• Material to process:
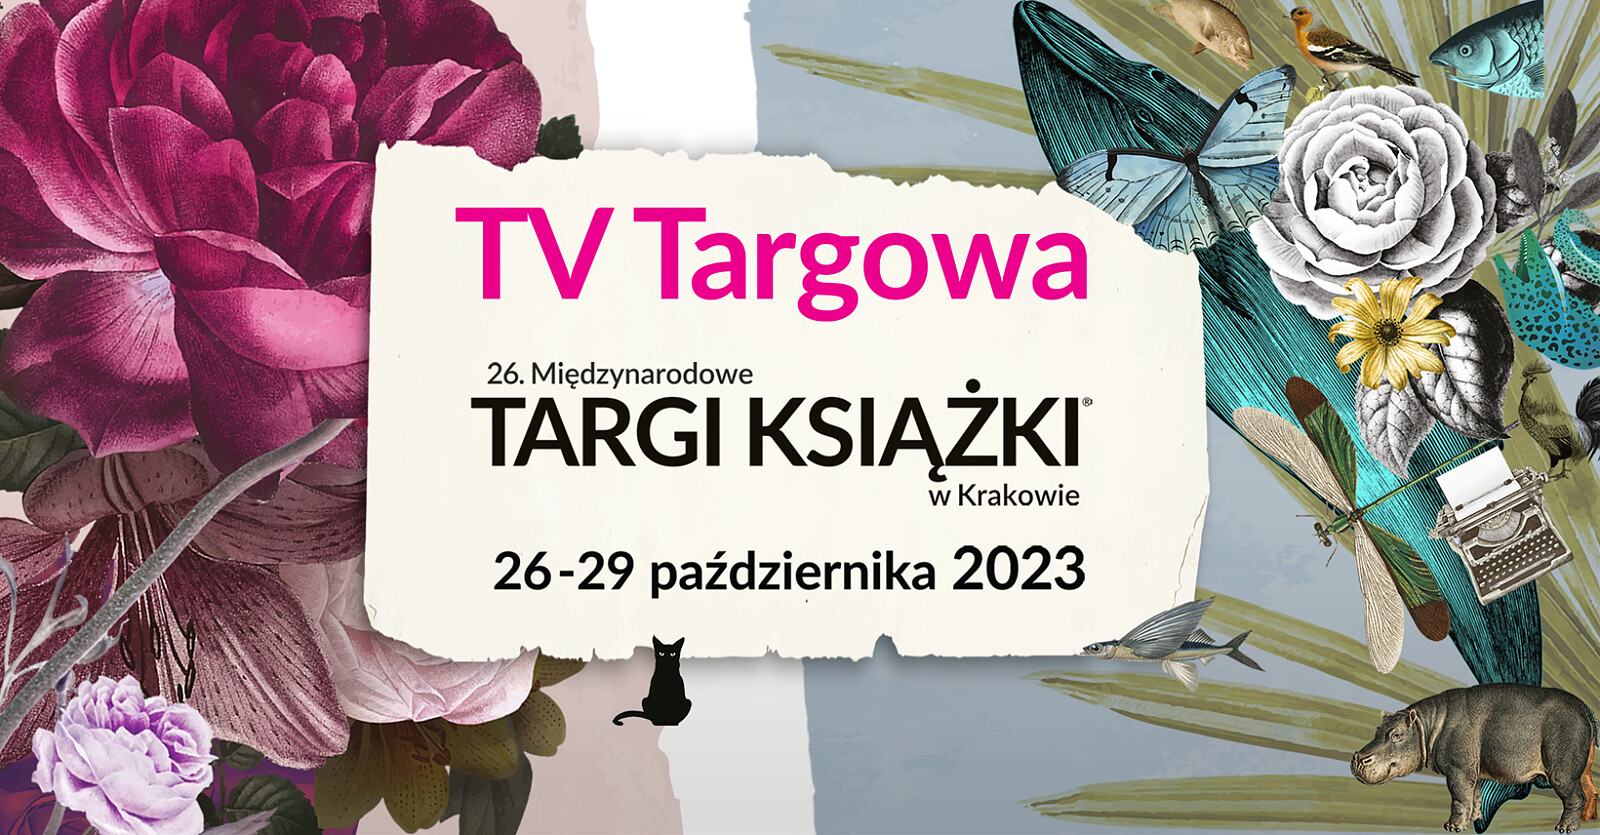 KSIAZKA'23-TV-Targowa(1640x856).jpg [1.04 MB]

...

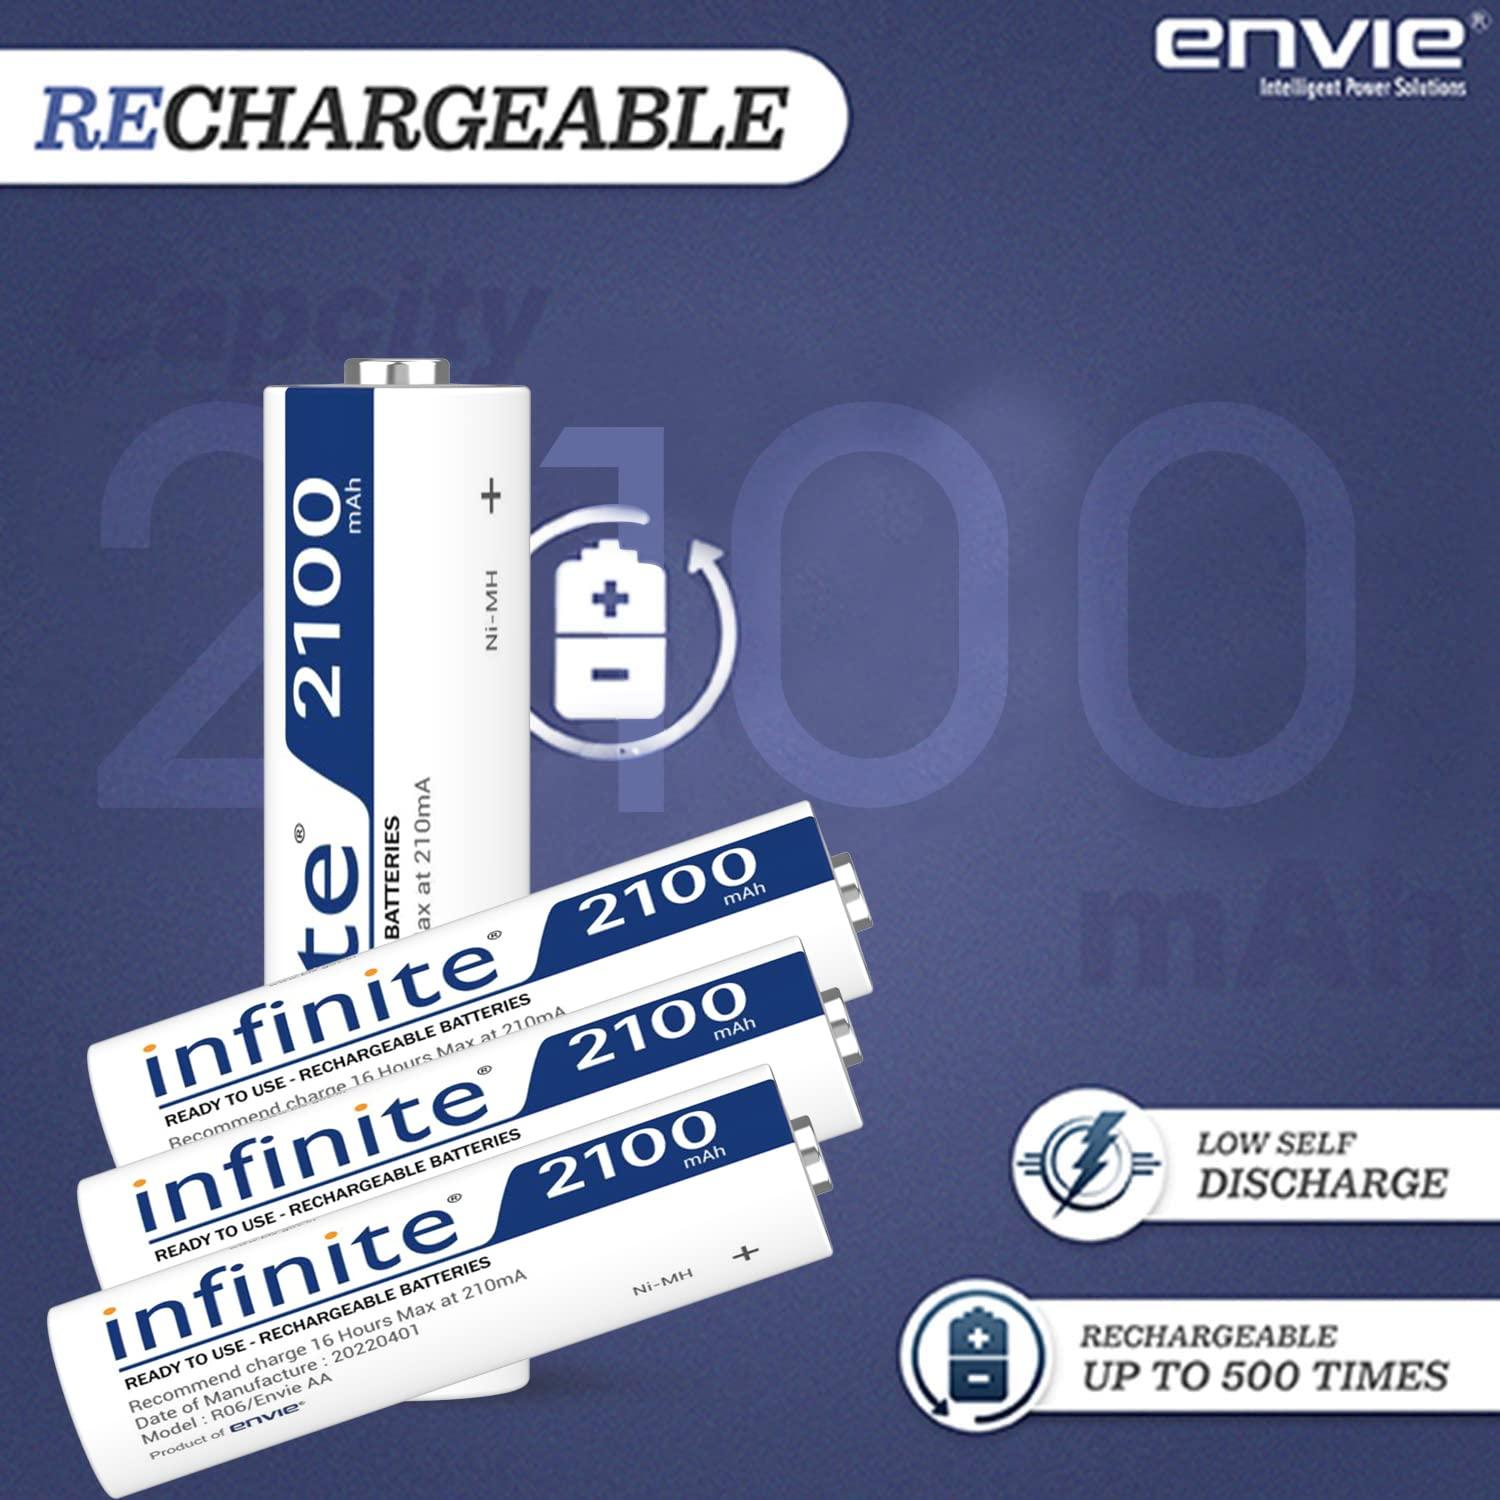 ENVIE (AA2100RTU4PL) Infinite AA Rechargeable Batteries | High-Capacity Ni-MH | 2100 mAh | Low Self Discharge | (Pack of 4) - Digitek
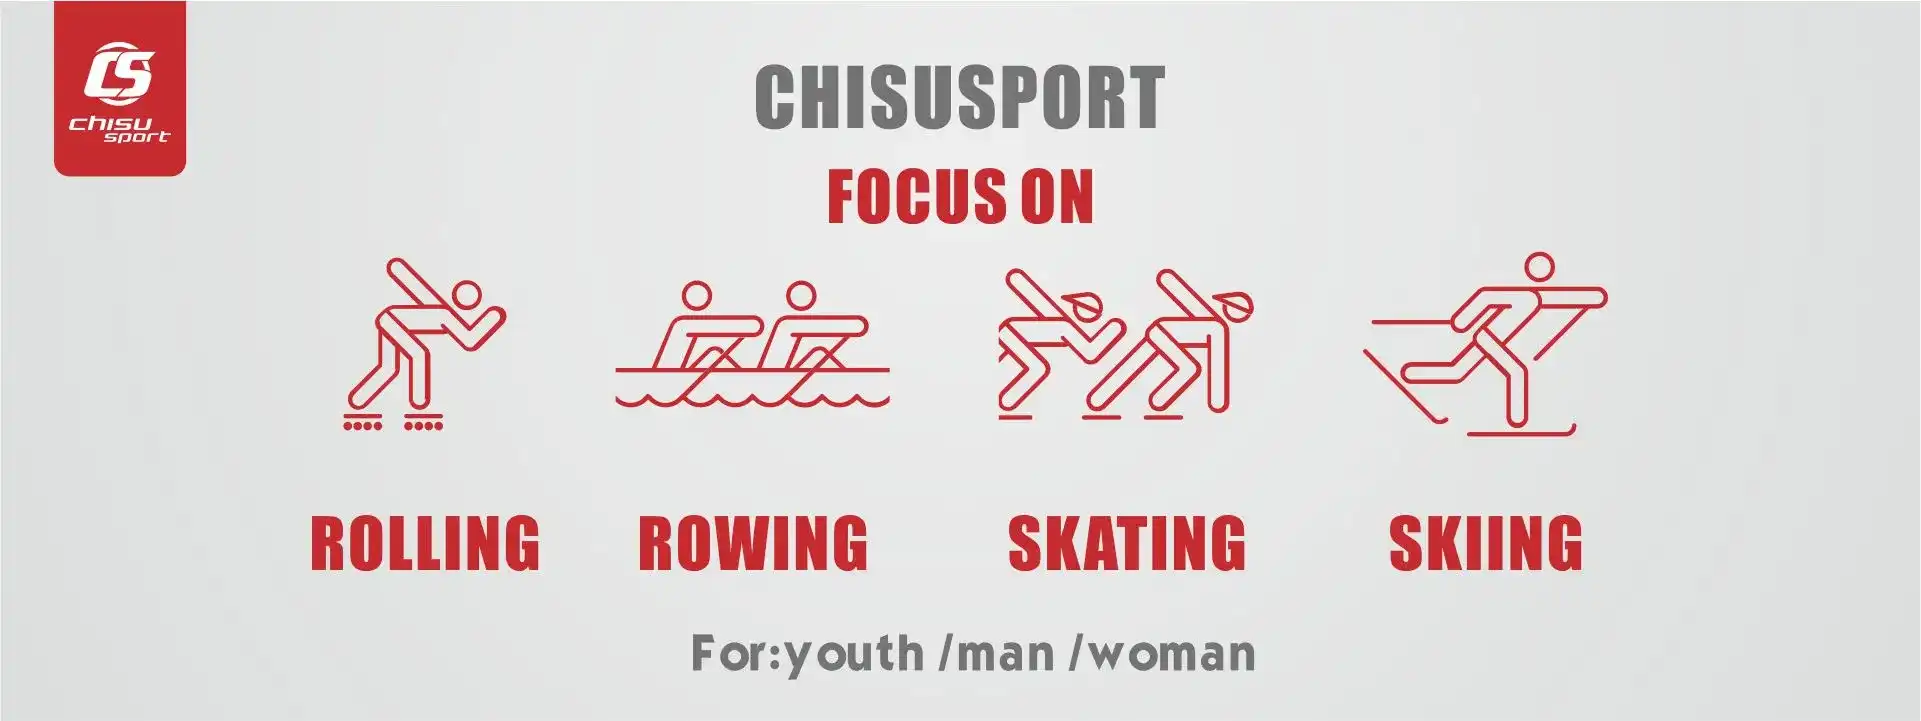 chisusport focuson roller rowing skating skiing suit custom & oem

* * *

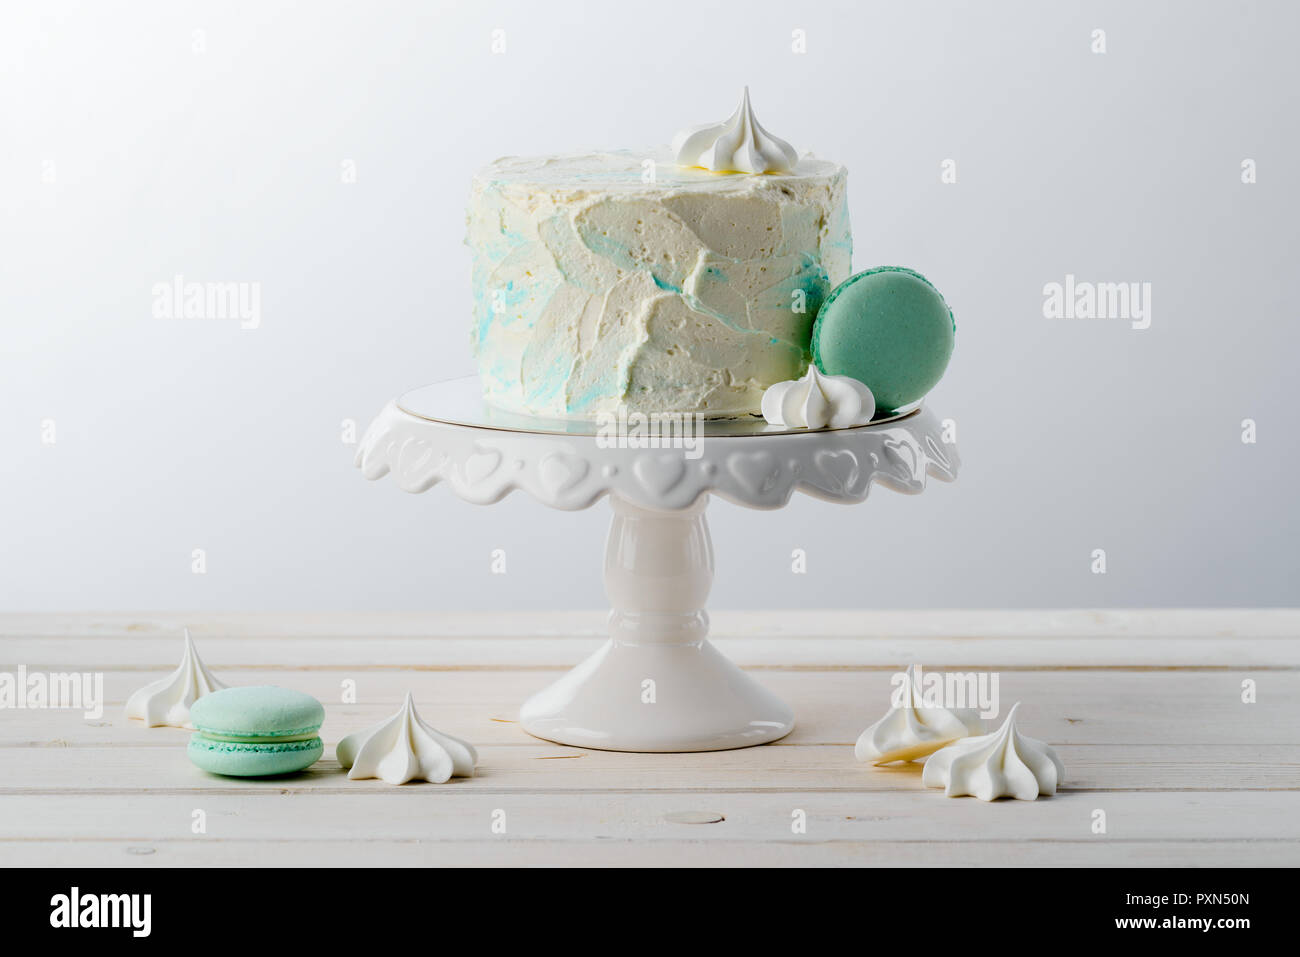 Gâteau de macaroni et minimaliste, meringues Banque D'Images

• What you will do:
Print, exactly and with no pictures, the lines of the listing above starting at the one that has "ENVIE (AA2100RTU4PL) Infinite" and ending at the one that has "chisusport focuson roller", both included.

• Response:
 ENVIE (AA2100RTU4PL) Infinite AA Rechargeable Batteries | High-Capacity Ni-MH | 2100 mAh | Low Self Discharge | (Pack of 4) - Digitek
 chisusport focuson roller rowing skating skiing suit custom & oem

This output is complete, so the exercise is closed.